(Entries taken from a collection)
┏━━

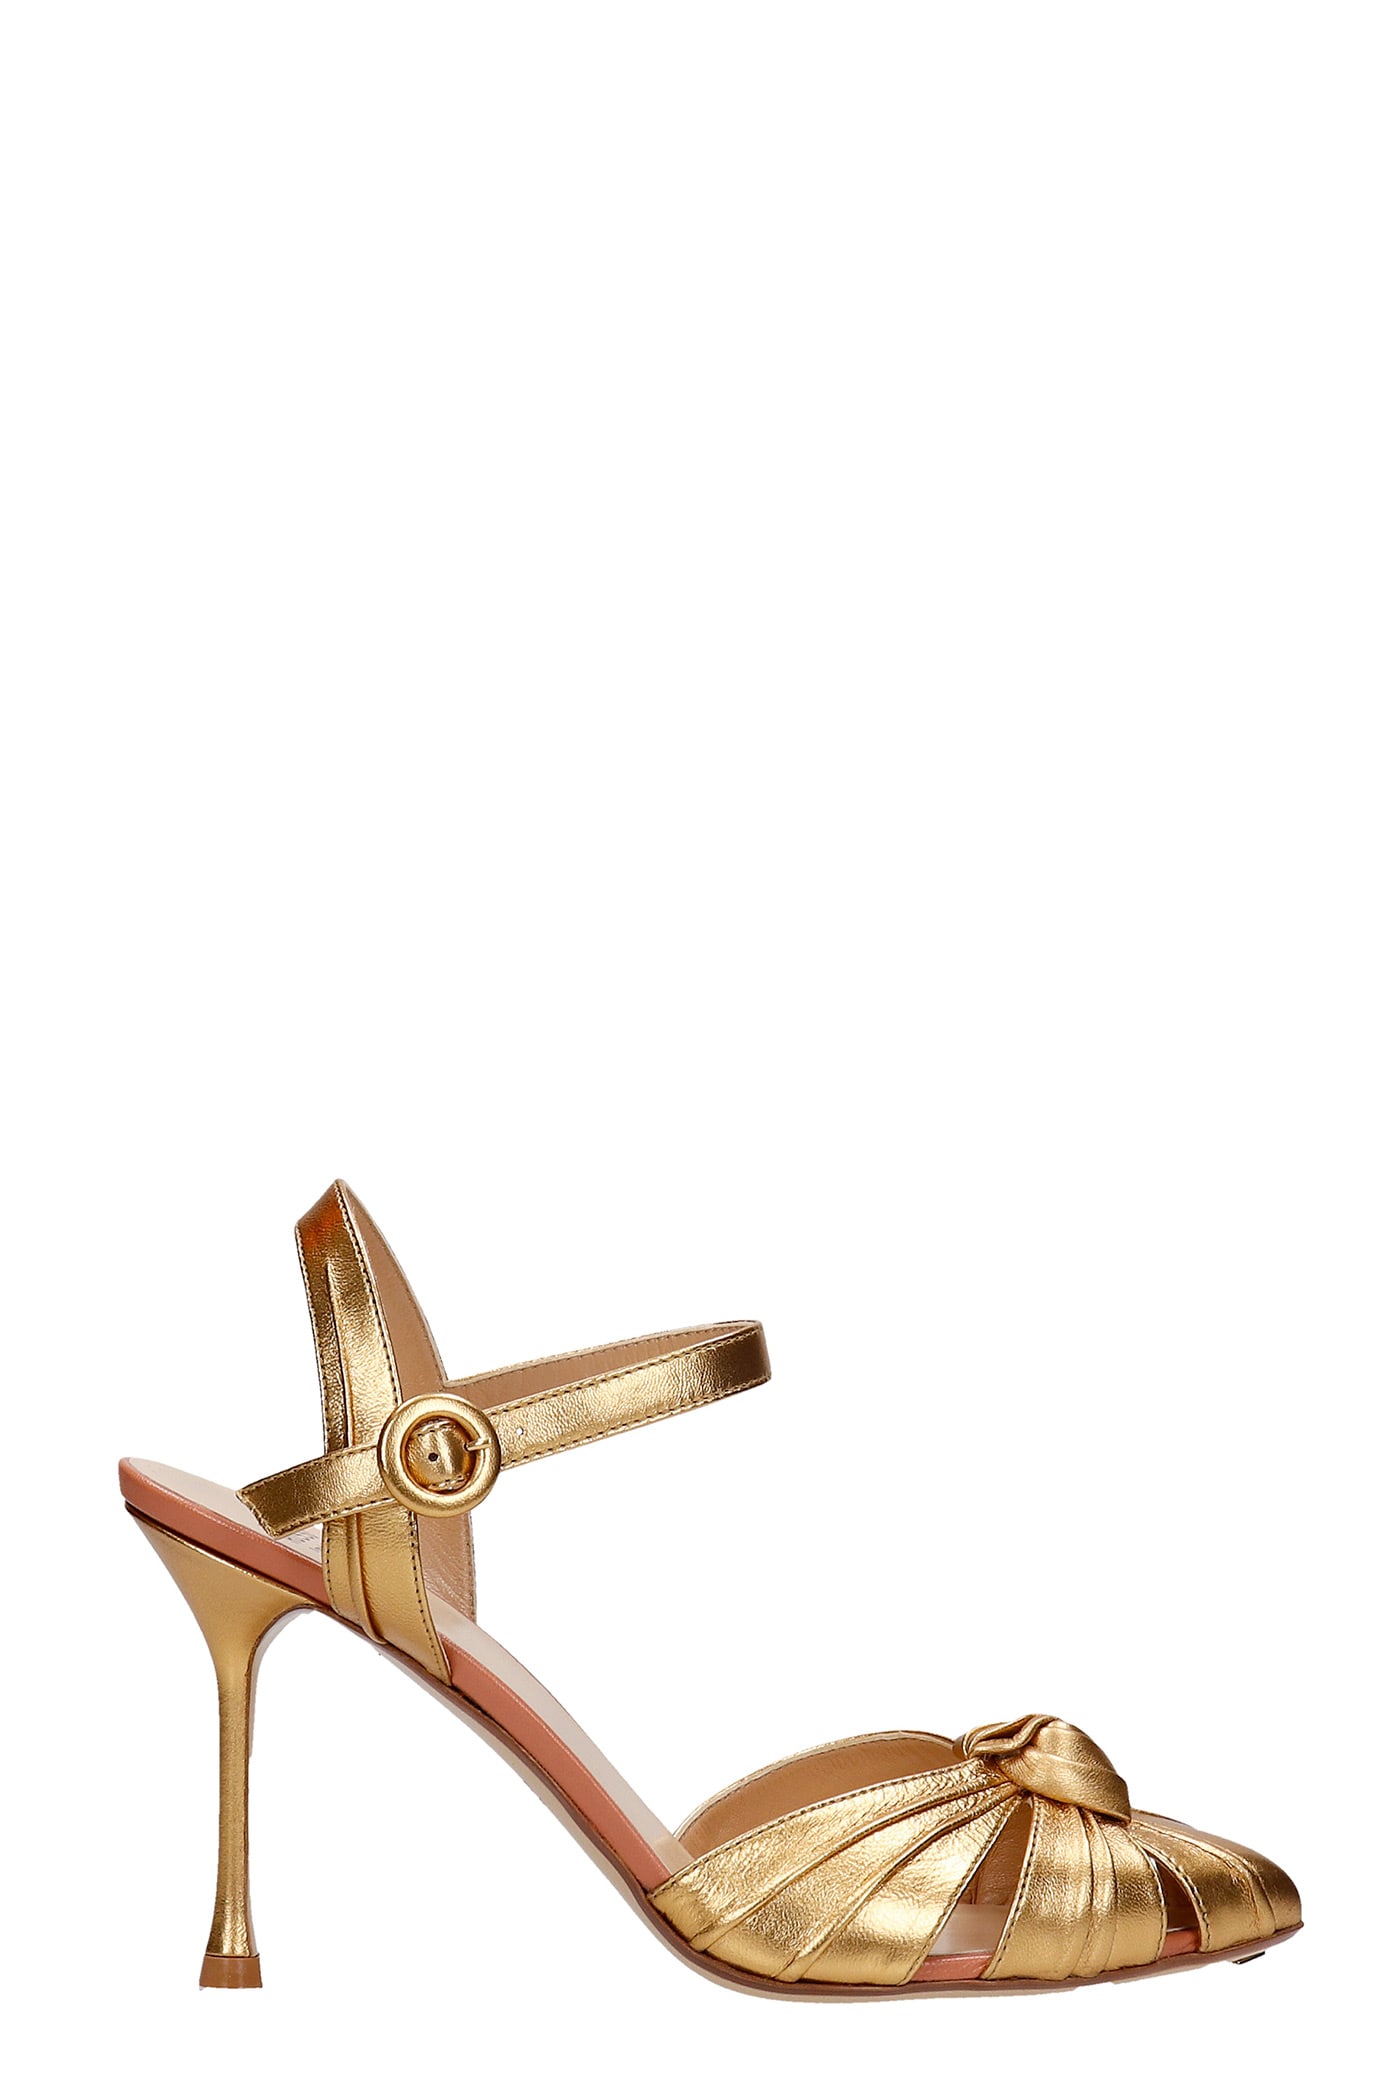 Buy Francesco Russo Sandals In Gold Leather online, shop Francesco Russo shoes with free shipping
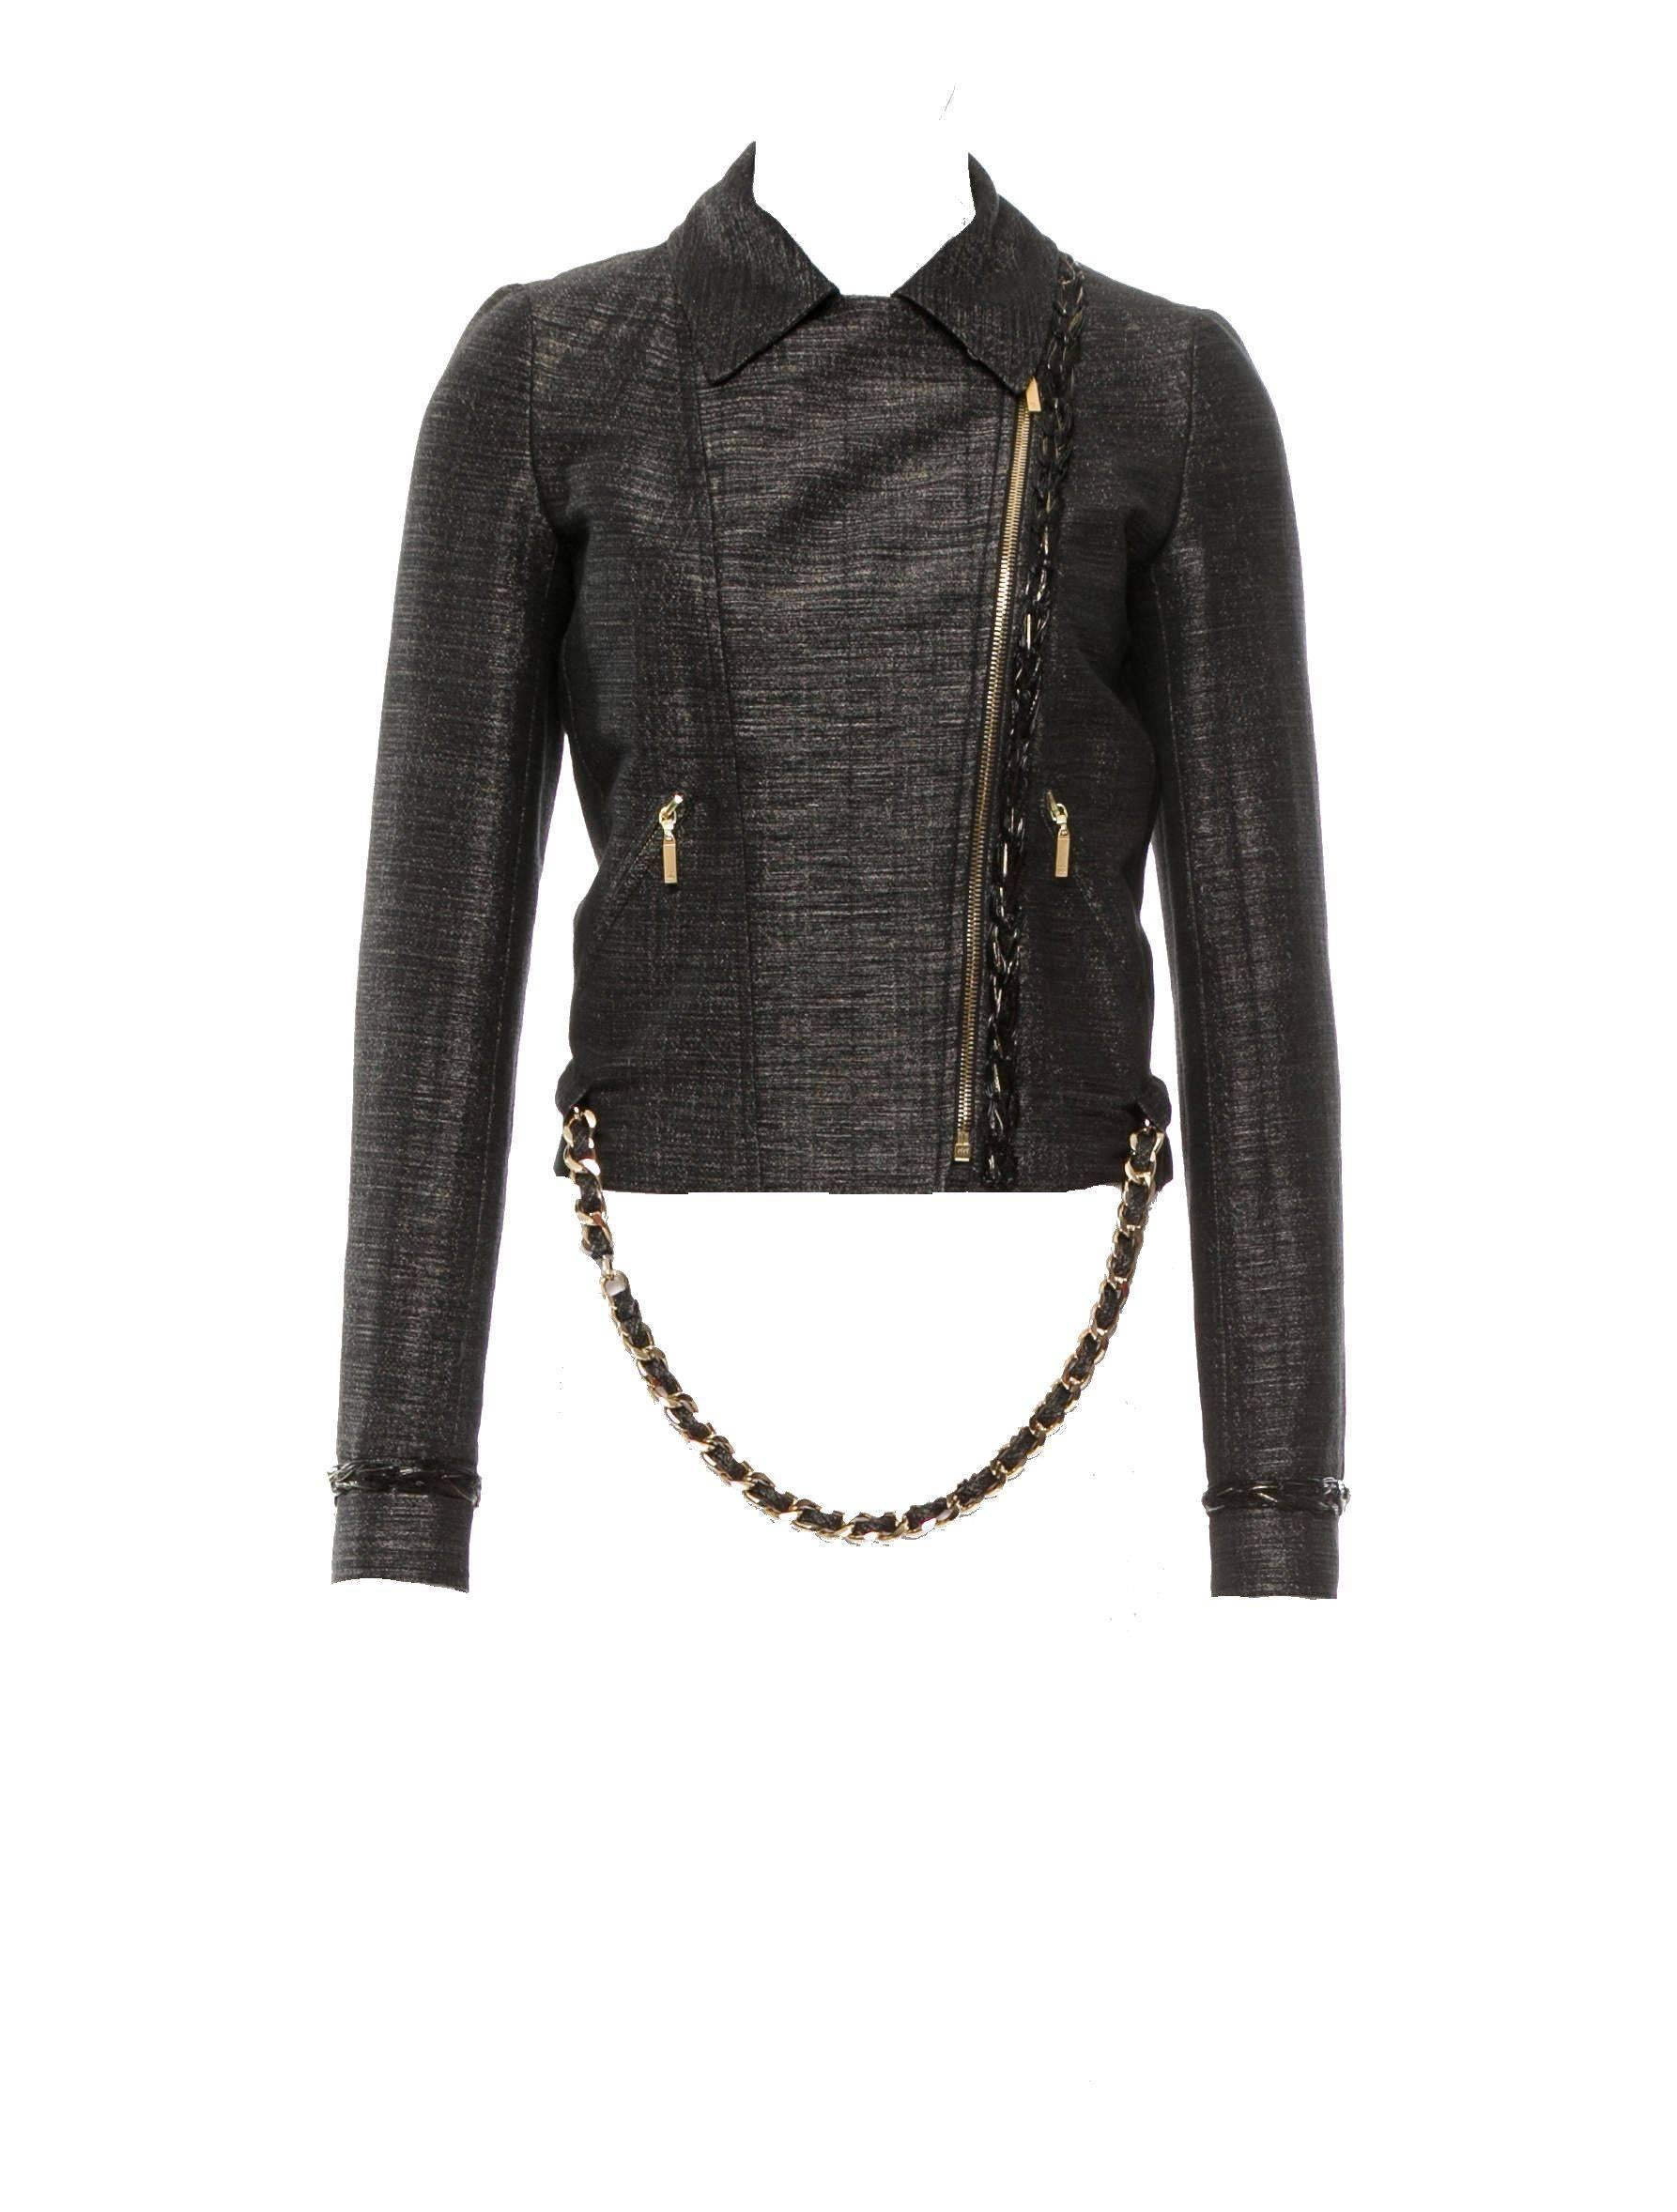 Fantastic Chanel Jacket designed by Karl Lagerfeld
Biker design
Fully lined with golden fabric
Closes in front with asymmetric zip
CC logo on buttons and zippers
Chain trimming
Heavy CC signature chain belt
Belt can be removed and worn with other

┗━━

What you need to do -
Could you reproduce exactly the lines from the one containing "Fantastic Chanel Jacket" through the last line of the records, both included, leaving out the pictures?

Answer section -
 Fantastic Chanel Jacket designed by Karl Lagerfeld
Biker design
Fully lined with golden fabric
Closes in front with asymmetric zip
CC logo on buttons and zippers
Chain trimming
Heavy CC signature chain belt
Belt can be removed and worn with other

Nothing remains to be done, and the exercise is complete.